As stated above, you cannot go to Tibet without the assistance of a travel agency. The travel agency you use will literally make all of your arrangements for you. They will take care of all of your required permits. No matter where in Tibet you plan to go, it is the travel agencies responsibility to get the permits for you. They will also arrange a guide for you as well as a private vehicle and driver (foreigners cannot use public transportation in the Tibet Autonomous Region except within Lhasa). The travel agency can give you recommendations on which route to travel in Tibet, can work with you to create the perfect itinerary or you can simply give the agency your own itinerary that you created. From there, the travel agency will take care of all of the details for you. You don’t need to worry about getting permits because the travel agency will get them for you. Same goes with guide, vehicle and driver….the agency will take care of EVERYTHING for you. Getting to Tibet is very easy!

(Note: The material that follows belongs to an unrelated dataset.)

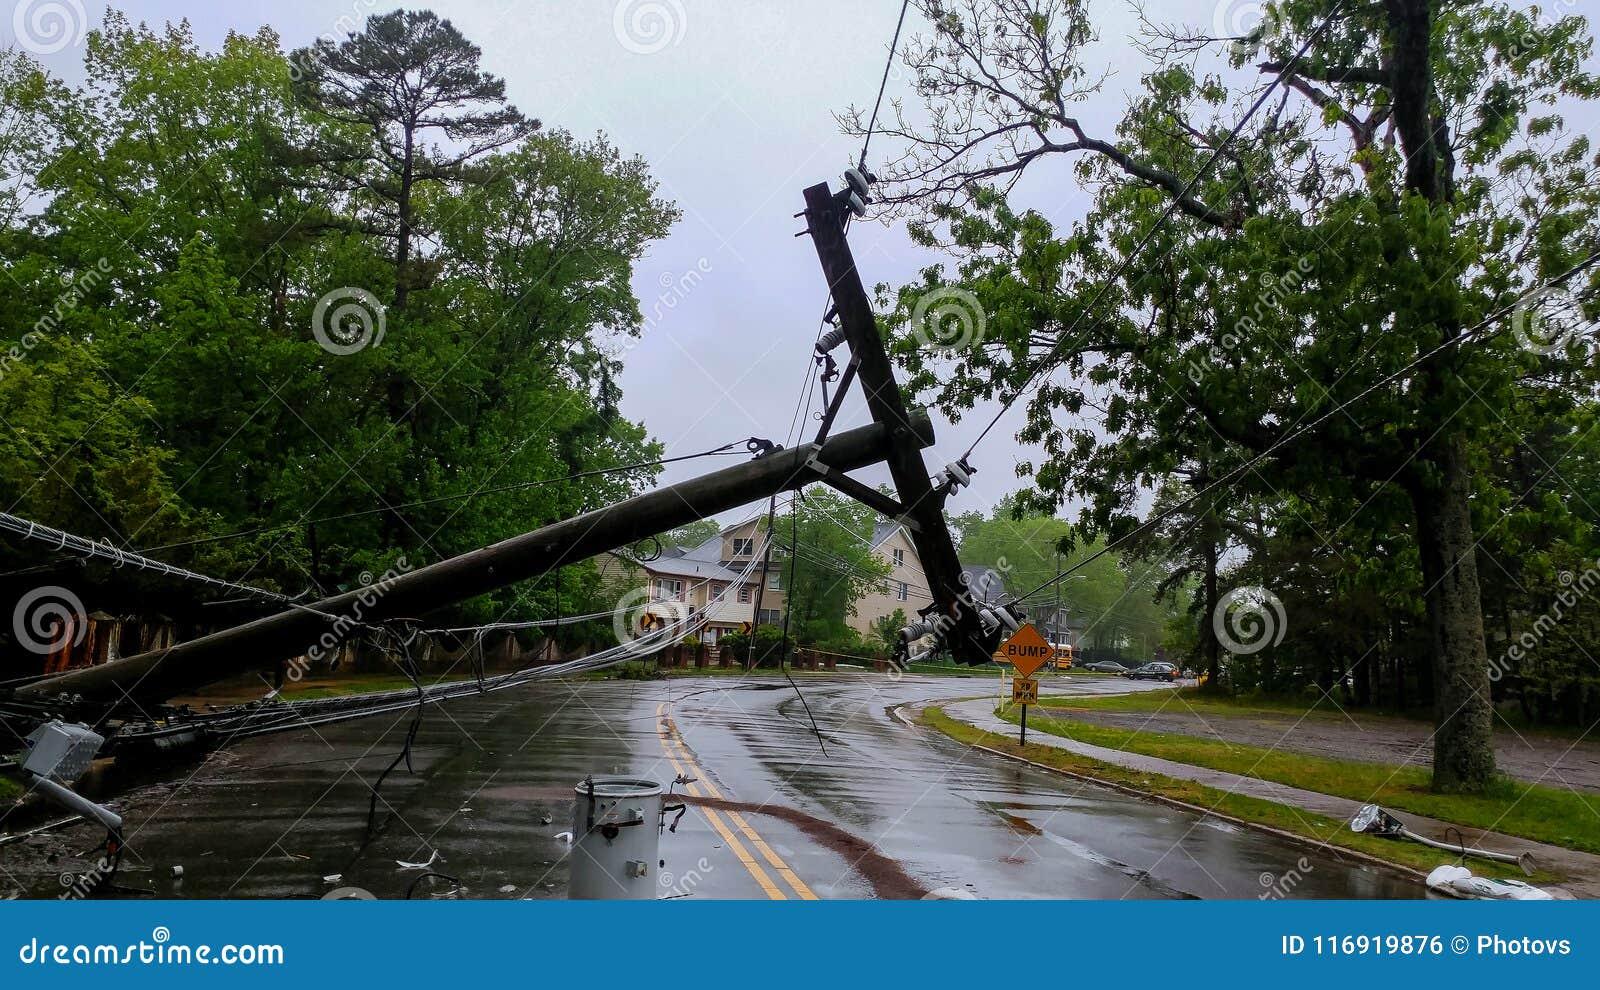 трансформатор на поляке и дереве кладя через линии электропередач над дорогой после урагана двинул поперек

Prayer flags along the way to Gyantse

How to get to Tibet

North Face of Everest viewed from Tibet

Getting to Tibet

You can travel to Tibet from both Nepal and from Mainland China. In general, getting to Tibet from Mainland China is easier as you do not have to be on a Group Chinese Visa, which is required if you are entering Tibet from Nepal. The name “Group Chinese Visa” is a bit misleading as solo travelers (on an organized tour) can get a Group Chinese Visa even though they are traveling by themselves. A Group Chinese Visa cannot be extended within China like a normal Chinese Tourist Visa can.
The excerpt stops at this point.